The whole point IMO of making your own (well there are many but for me #1 is) that you can make it the way YOU want it and don't have to take any grief from anyone!!! If you like it and other don't, well that'll just make fewer meadmakers hankering for that poplar. I make a house dry stout that I (and everyone who's tried it) just loves. When I have submitted it for competition, while it's perfectly executed if I do say so myself, it suffers points for being too roasty and dry for the style. Wouldn't change the recipe for love or money though . Take good notes and make that poplar mead any year you can!


----------



## WVMJ (Apr 2, 2012)

Vance, how do you make mead from buckwheat, we tried some honey and it seemed like maybe use it at the end to add some flavor but are you using all buckwheat? WVMJ



Vance G said:


> Making mead is a hoot. The flavor of stronger flavored honey comes thru and if you made a good mead with Tulip Poplar, you could make one again. Buckwheat is great for mead and I wish I had a bucket of it. Ken Schramm's book The compleat meadmaker is a great place to start learning and he provides several good recipes too. Go to the homebrew portion of this forum and you will find mead making discussions and recipes. I have thirty gallons lurking in the dark getting ready to bottle and recipes I want to try for at least that much more.
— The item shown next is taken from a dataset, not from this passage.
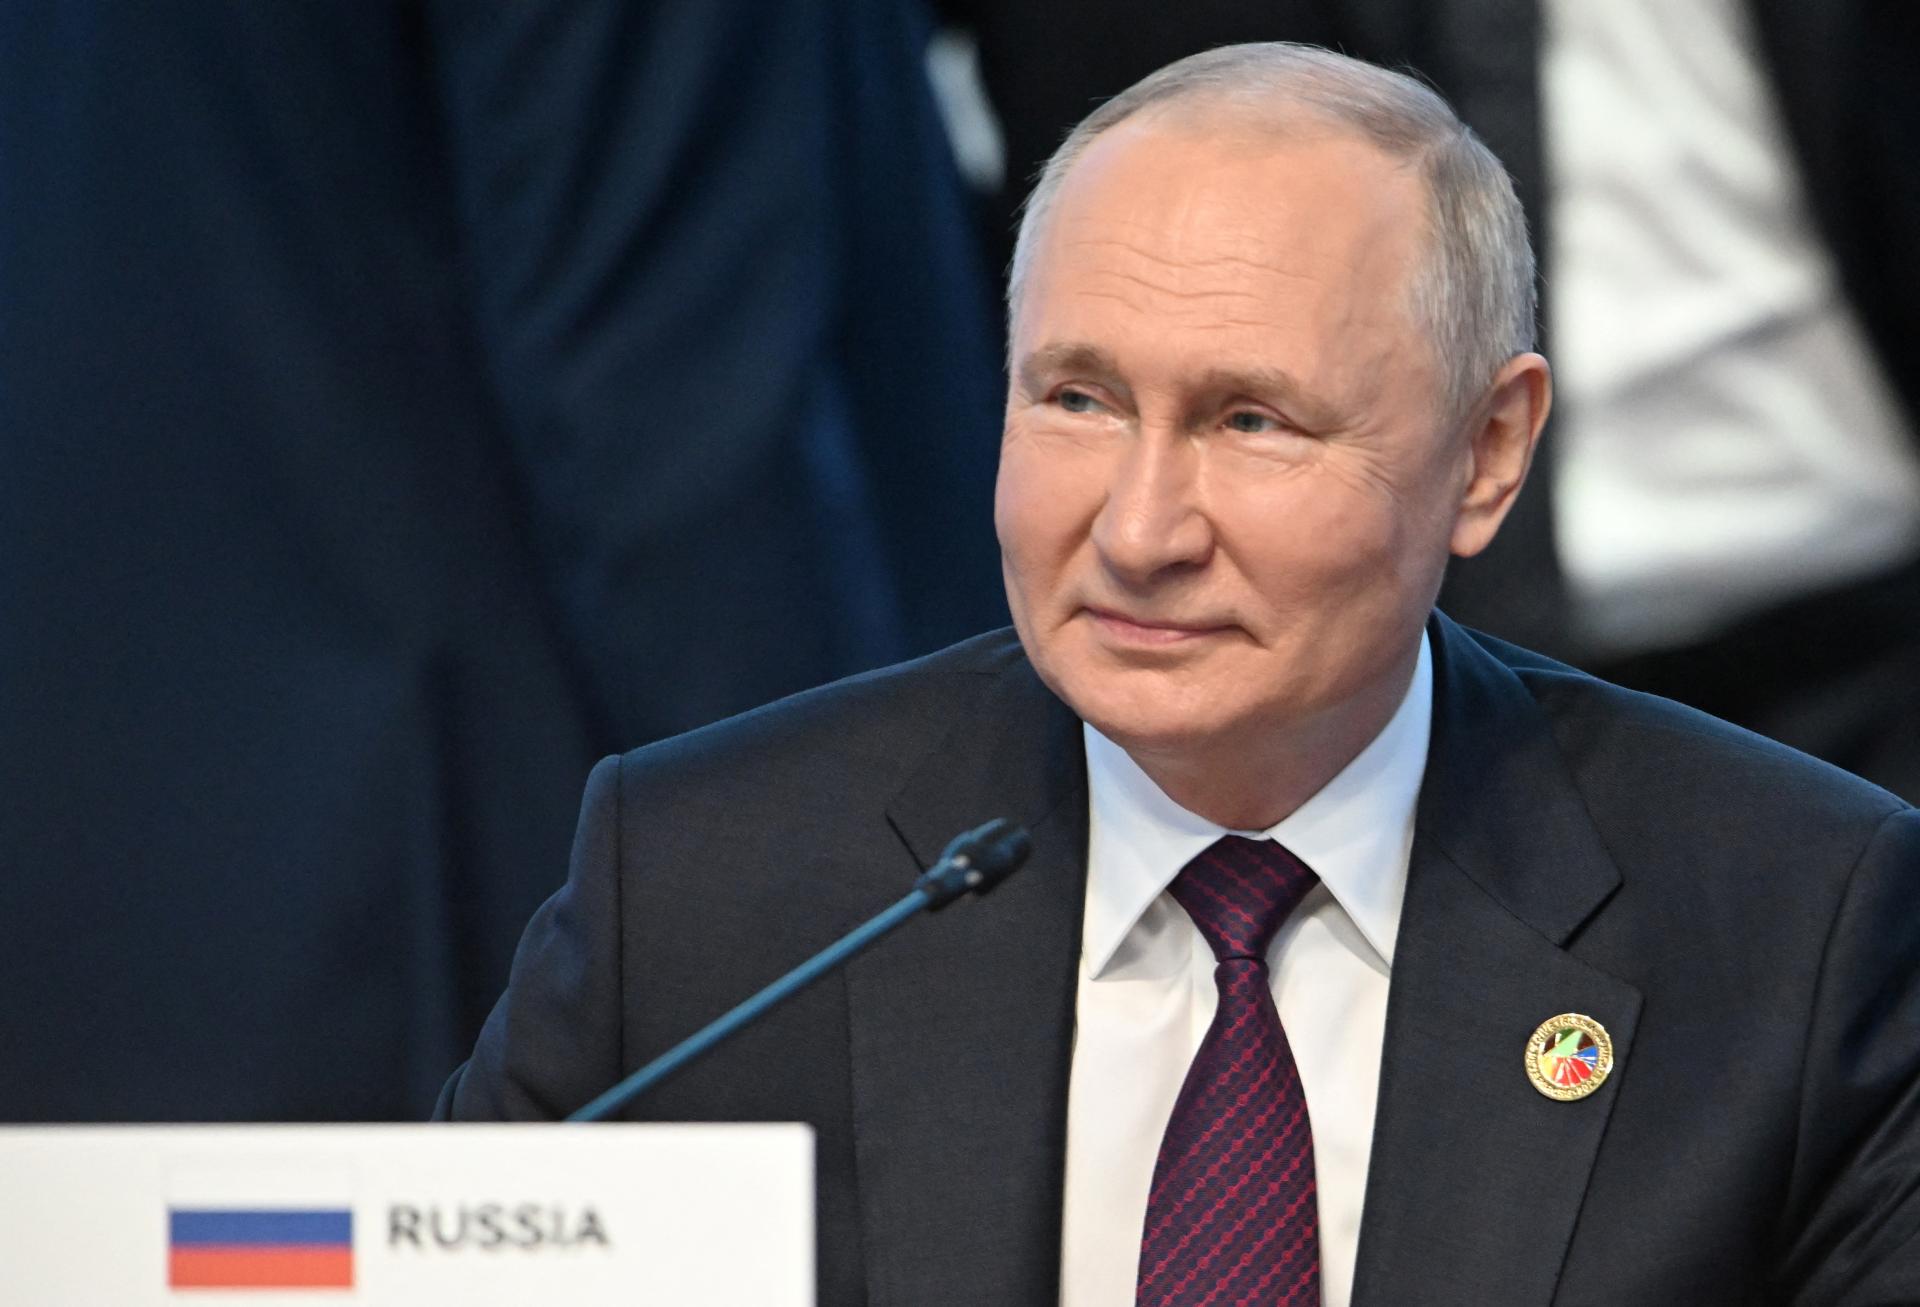 Rusko podľa Putina zvažuje návrhy afrických lídrov na ukončenie konfliktu na Ukrajine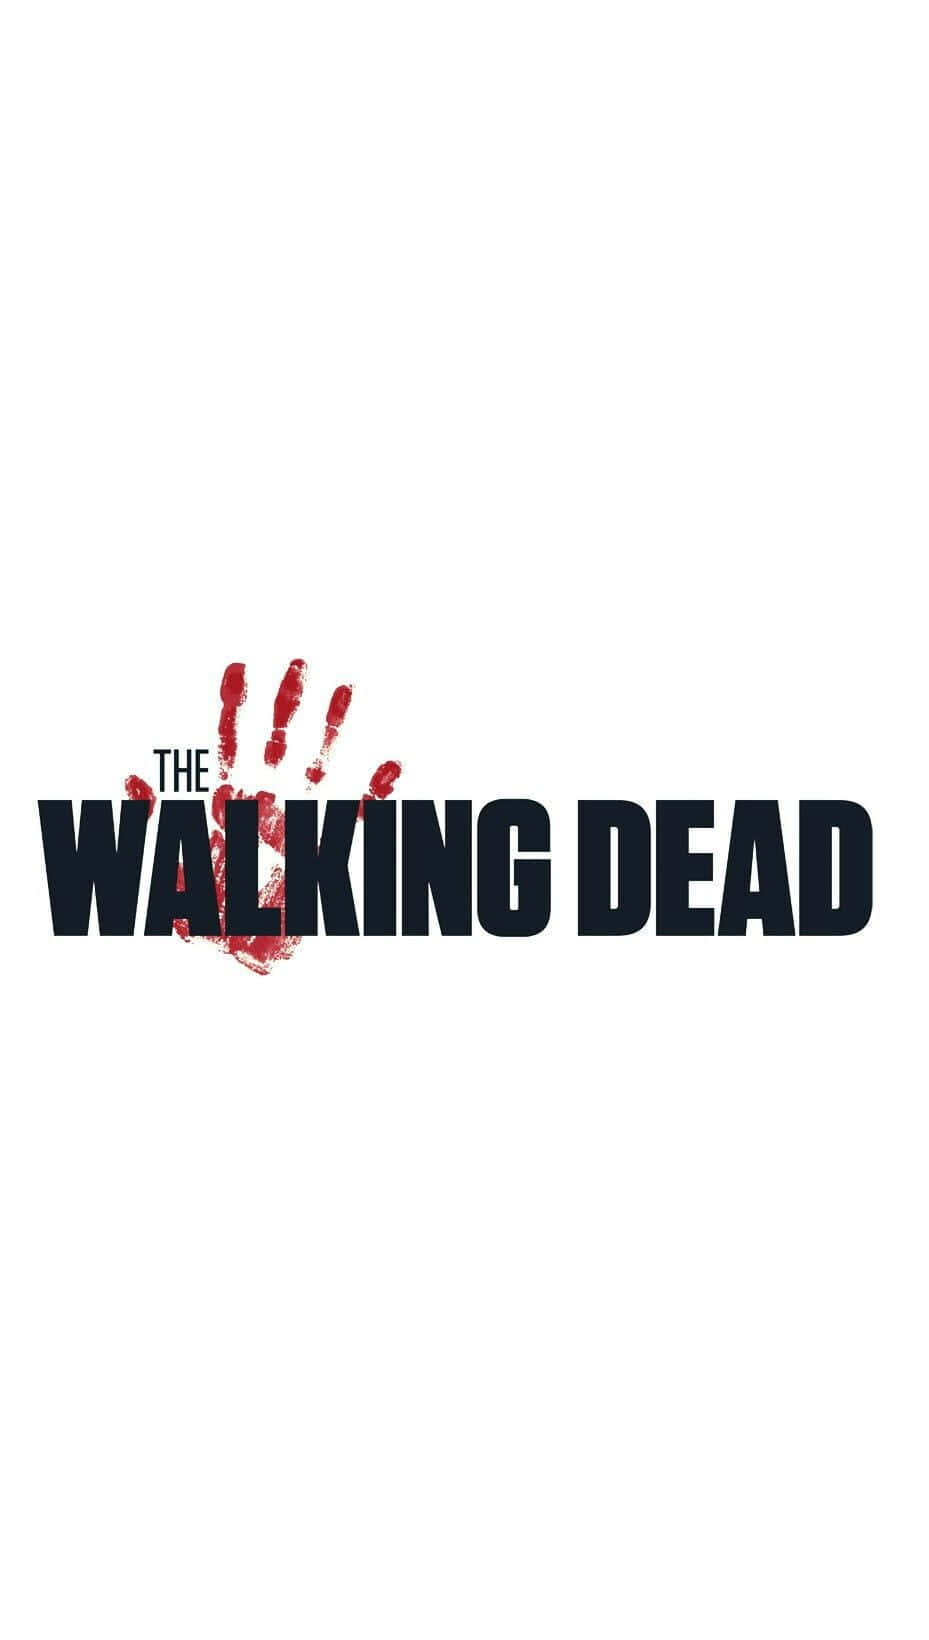 Overleve zombie apokalypsen med The Walking Dead iPhone wallpapers. Wallpaper

I may have to become a drunk if I can't give most of it away.


----------



## Vance G (Jan 6, 2011)

I don't have enough buckwheat to make a brew entirely of it, but I would love to make a traditional mead with say KIV1116 yeast, adequate nutrient and buckwheat honey that I would plan on putting away for several years before backsweetening a little and bottling. I think it would be great but I like buckwheat honey! Five pounds in many five gallon batches would just add a good complexity. Goldenrod is treasured for the same purpose. Darker honeys bring more to the party. I would love to use buckwheat with pie cherries in a fairly dry mead. I wouldn't team it with say peaches or raspberries. A Buckwheat metheglyn with some ginger and star anise also sounds like a good hearty brew. But I enjoy dark beer and not useless coors/budlight/ect ect. Mead is a whole huge exciting world. Can't you just taste a good dark beer with some buckwheat tones? That is a braggot. Get some books. Start with Schramm's The compleat meadmaker.


----------



## urbanoutlaw (Nov 19, 2012)

How well would buckwheat honey go well with a black stout?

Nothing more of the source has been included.